AVERSA – Ci sono voluti quasi tre anni per arrivare al rinvio a giudizio del personale del Nuovo Policlinico di Napoli sott’inchiesta per la morte della piccola Ayo Okesola, bimba di 4 anni, che non si è più risvegliata dopo un banale intervento di ernia ombelicale.

Omicidio colposo e falso ideologico è l’accusa di cui dovranno rispondere 3 medici, 2 infermieri e uno specializzando. Oltre alle responsabilità mediche, infatti, il pubblico ministero ha anche contestato il tentativo di alterare la cartella medica per cercare di coprire le eventuali responsabilità del personale del reparto di chirurgia pediatrica.

Il processo, però, dovrebbe iniziare soltanto il 6 marzo 2014. Un altro anno di dolore e sofferenza per il padre della bambina, Mobo, che, da quel maledetto aprile del 2010, non riesce a darsi pace per quanto accaduto e che non è disposto ad attendere un altro anno in silenzio.  La sua vita è stata duramente provata da due lutti gravissimi, poco prima della figlia, infatti, ha perso la moglie per le conseguenze di un cancro sviluppatosi in pochissimo tempo.

“Abbiamo presentato un’istanza per anticipare l’udienza – ci spiega l’avvocato di parte Alfonso Quarto – siamo in attesa della decisione del giudice. Siamo soddisfatti per l’esito dell’udienza preliminare, che ha visto il rinvio a giudizio di tutti gli imputati e la costituzione di parte civile”.

Mobo ha dalla sua parte la consulenza tecnica sull’autopsia firmata dai professionisti Abruzzese, Perna, Renda e Tarsitano dove si attesta che la piccola Ayo morì per un arresto cardiaco dovuto ad una paralisi dei muscoli respiratori: “indotta sia dalla via di accesso dell’ago spinale D12 decisamente alta, sia dal dosaggio della marcaina (10 mg) al posto dei 5 mg utili”.

“L’intervento  – si legge ancora – poteva ben essere posto in essere con un’anestesia locale o con un’anestesia generale e non trova alcuna motivazione la scelta di un’anestesia spinale che esponeva la paziente ad un rischio spropositato rispetto alla modestia dell’intervento chirurgico.  Dopo l’intervento la paziente fu trasferita dalla sala operatoria al proprio letto ove non fu mai monitorata dall’anestesista e di lì a poco si verificò il crollo delle condizioni cardiorespiratorie ed il decesso.  Ciò premesse, riteniamo che si debba ravvisare colpa professionale dell’anestesista per imperizia sia per la scelta del tipo di anestesia, sia per l’errata via d’accesso D12, sia per la somministrazione di un elevato dosaggio di marcaina e per negligenza per non aver  monitorato adeguatamente il post operatorio”.

“Se la piccola paziente – concludono gli esperti-  fosse stata trattenuta in sala operatoria in doverosa osservazione, si sarebbe potuto, verosimilmente, fronteggiare adeguatamente la crisi cardio respiratoria.
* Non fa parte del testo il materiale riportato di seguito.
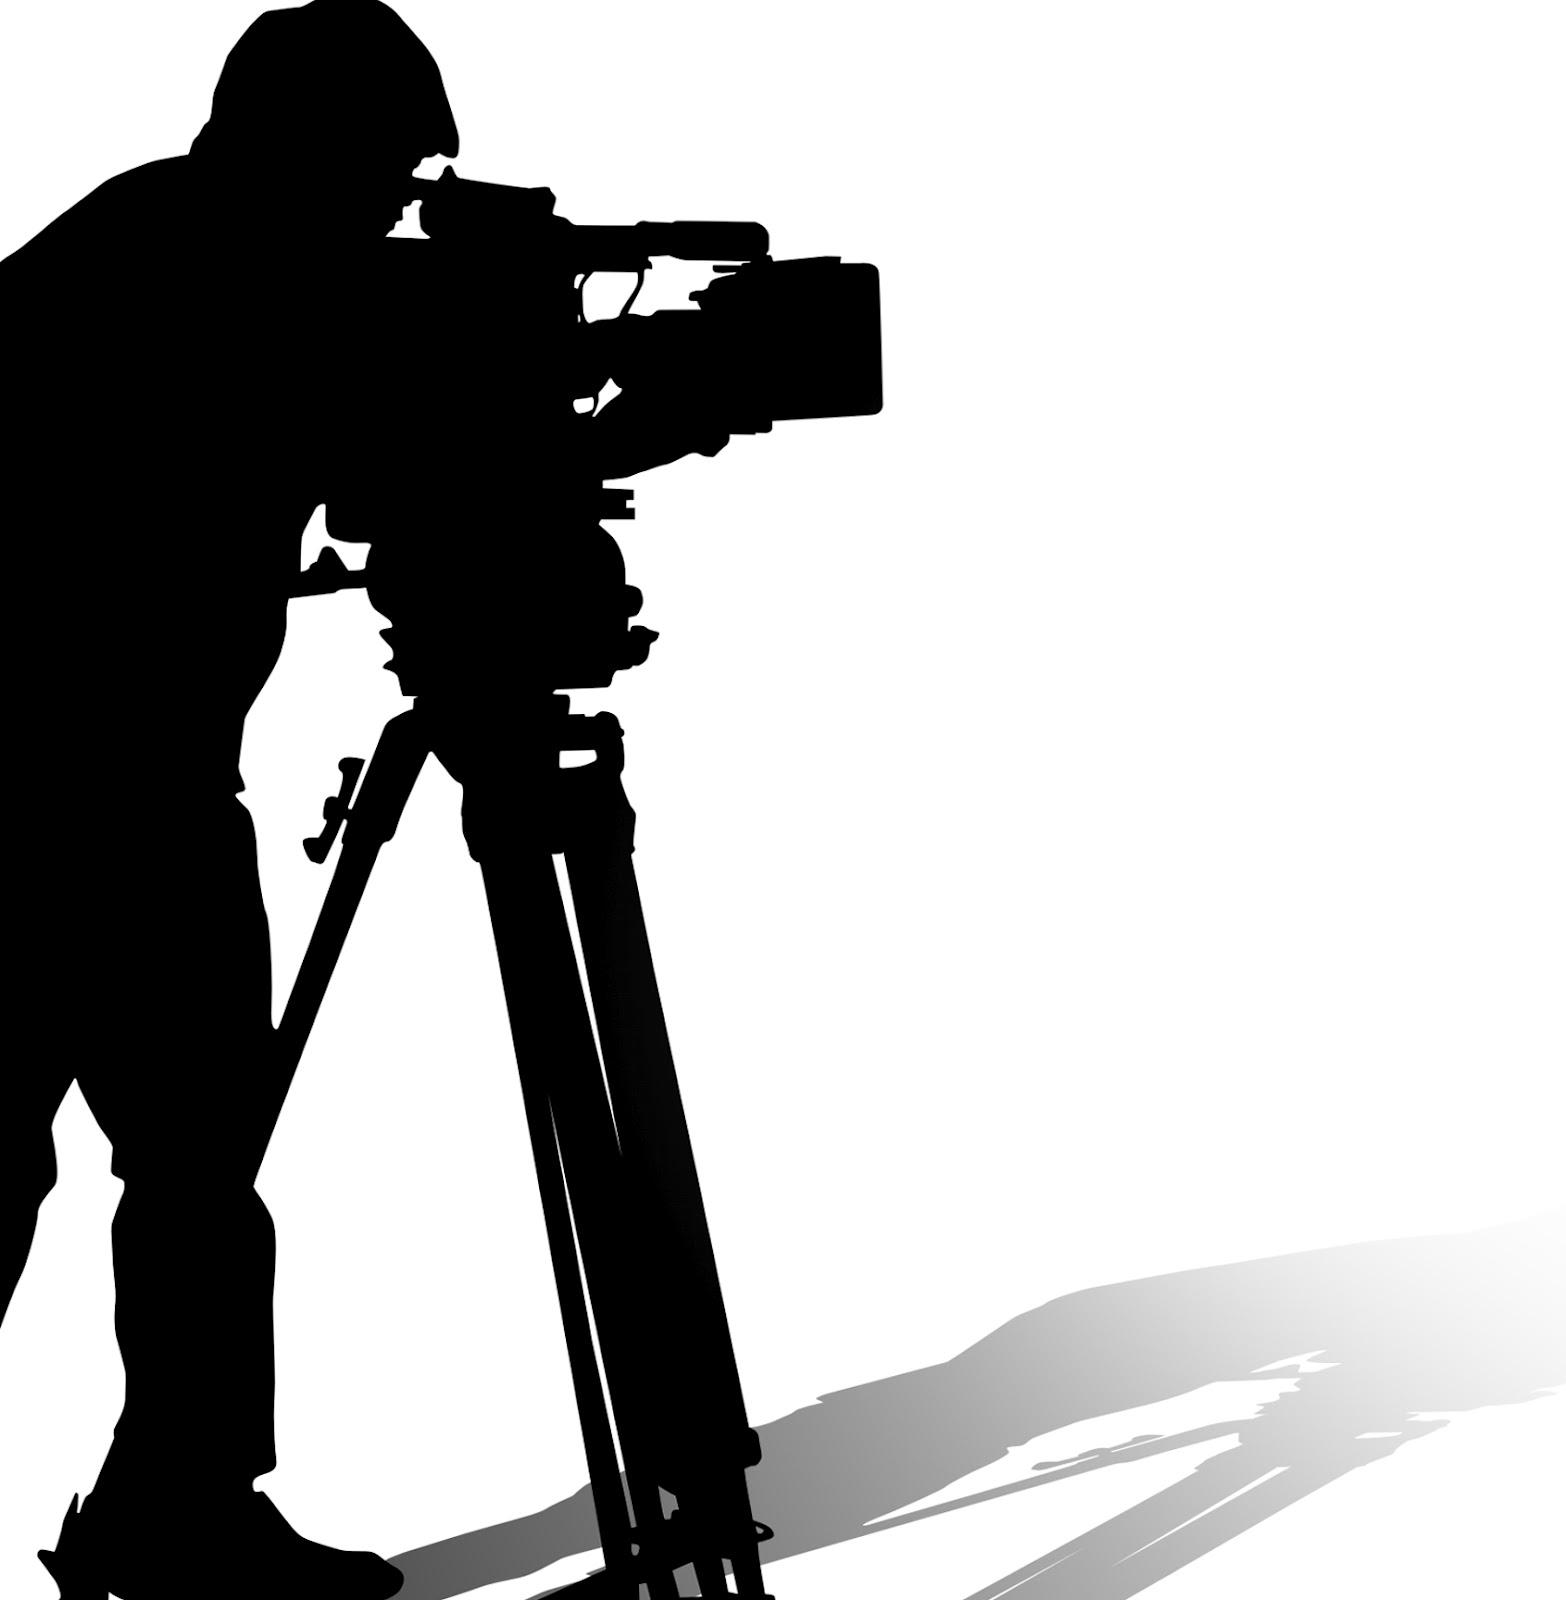 Ecole audiovisuel pour percer dans le cinéma

La piccola paziente fu riportata in camera operatoria dall’infermiera ormai in arresto cardiaco e tenuto conto del riferito del genitore (cute fredda al termotatto), allorché lo stesso era divenuto già irreversibile”.

“Vorrei sapere – ci spiega Mobo che qualche anno fa scrisse anche una lettera al presidente della Repubblica per chiedere verità e giustizia sul decesso di sua figlia – se chi ha provocato tutto questo non possa fare del male ad altre persone”. Scuote le spalle, abbassa lo sguardo triste e va via. Lui, che è venuto da lontano, nonostante tutto, ha ancora tanta fiducia nella giustizia italiana.